4. Human-rights based immigration enforcement
All around the world migrants experience discrimination, violence and other rights violations – at borders, but also in the places where they are building their new lives. These include arbitrary decision making, unlawful profiling, disproportionate interference with the right to privacy, violent and dangerous interception practices, illegal deportations, and prolonged, systematic or arbitrary detention.
We want that:
- Member States put in place procedures that assess the best interests of the child when deciding on their future, before any return decision;
- Member States set up community-based alternatives to detention that actively engage migrants in immigration procedures and forbid detention of children because of their or their parents’ residence status;
- EU funds (AMIF) should be used in all member states to promote the development of case management-based alternatives to detention.
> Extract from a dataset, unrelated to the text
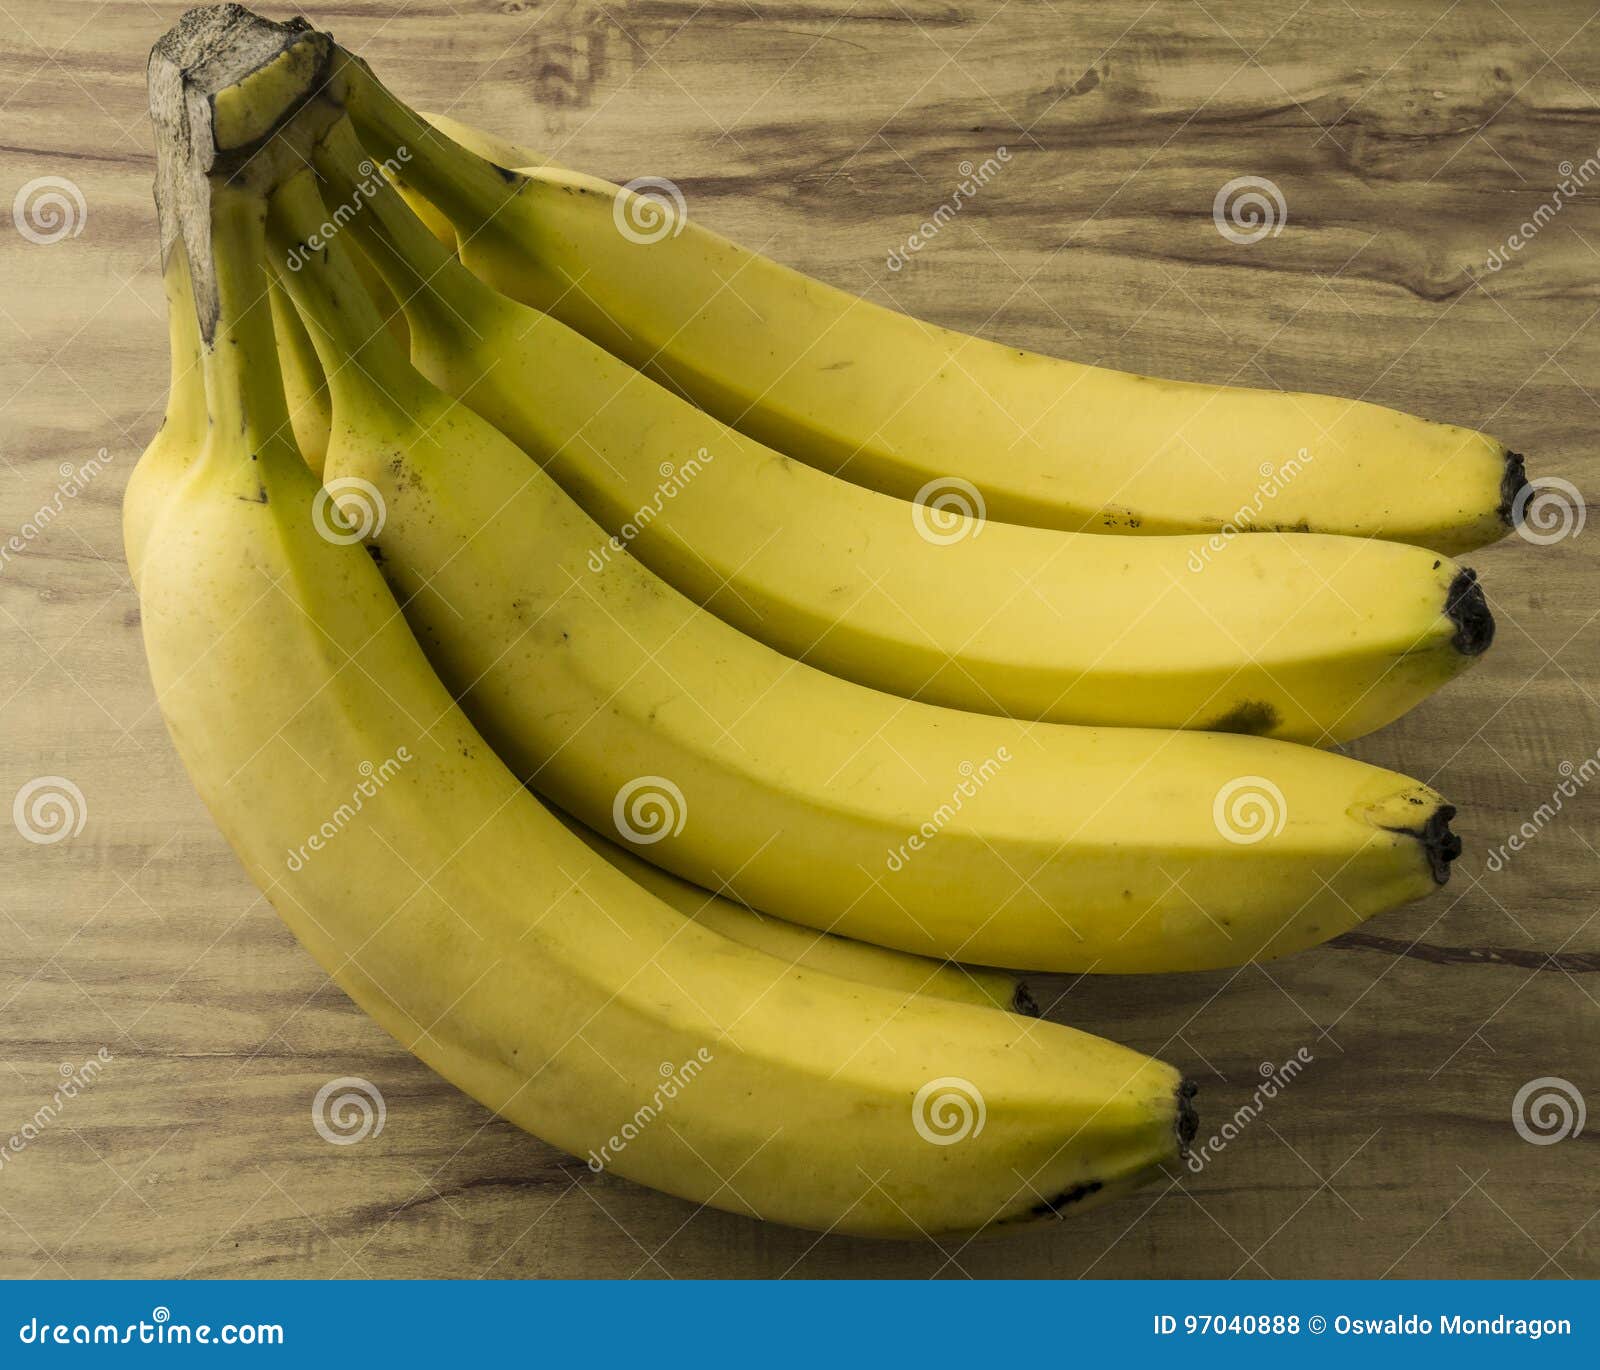 fresh natural banana bunch

Funding should not cover the construction of new detention facilities, and only when necessary it should be employed in the renovation and improvement of the state of the existing ones;
- The proposed recast Return Directive is withdrawn, and all return procedures fully comply with fundamental rights in practice, including the principles of non-refoulement, presumption of liberty, and the best interests of the child;
- The EU regulations establishing a framework for interoperability among EU information systems in the area of justice and home affairs do not infringe privacy and data protection rights, so fundamental rights are not sacrificed for the EU’s security agenda.
5. Better action against violence towards undocumented victims
In many countries, people who are undocumented face arrest, detention, and deportation if they approach the police to report violence or abuse. Rather than offering help, authorities frequently deny their right to protection and assistance, and enforce – or threaten to enforce – punitive measures instead.
Women can be particularly vulnerable when they migrate as part of a family unit or to join a partner or spouse. Current ‘family reunification’ or ‘marriage’ visas tend to make the foreign spouse economically and legally dependent on her partner. Women whose right to live in a country depends on this kind of visa may be forced to remain in violent or abusive relationships to retain their status.
- the EU to accede to the Istanbul Convention, the first comprehensive international legal instrument on violence against women;
- the EU Victims’ Directive, which grants minimum rights to victims of crimes, to be fully implemented so that it equally protects undocumented people too.
6. More inclusive social inclusion policies
People in an irregular situation – including children – are often denied access to essential services such as healthcare and education.
They also risk being reported, detained and deported when they do try to access services. For them, the simple act of going to see the doctor can lead to their personal data being shared with immigration authorities, triggering immigration enforcement procedures.
- The EU’s social inclusion policies to address inclusion of all migrants, regardless of status;
- Undocumented people to have access to essential services, including healthcare;
- The EU to implement its commitments to treat all children equally.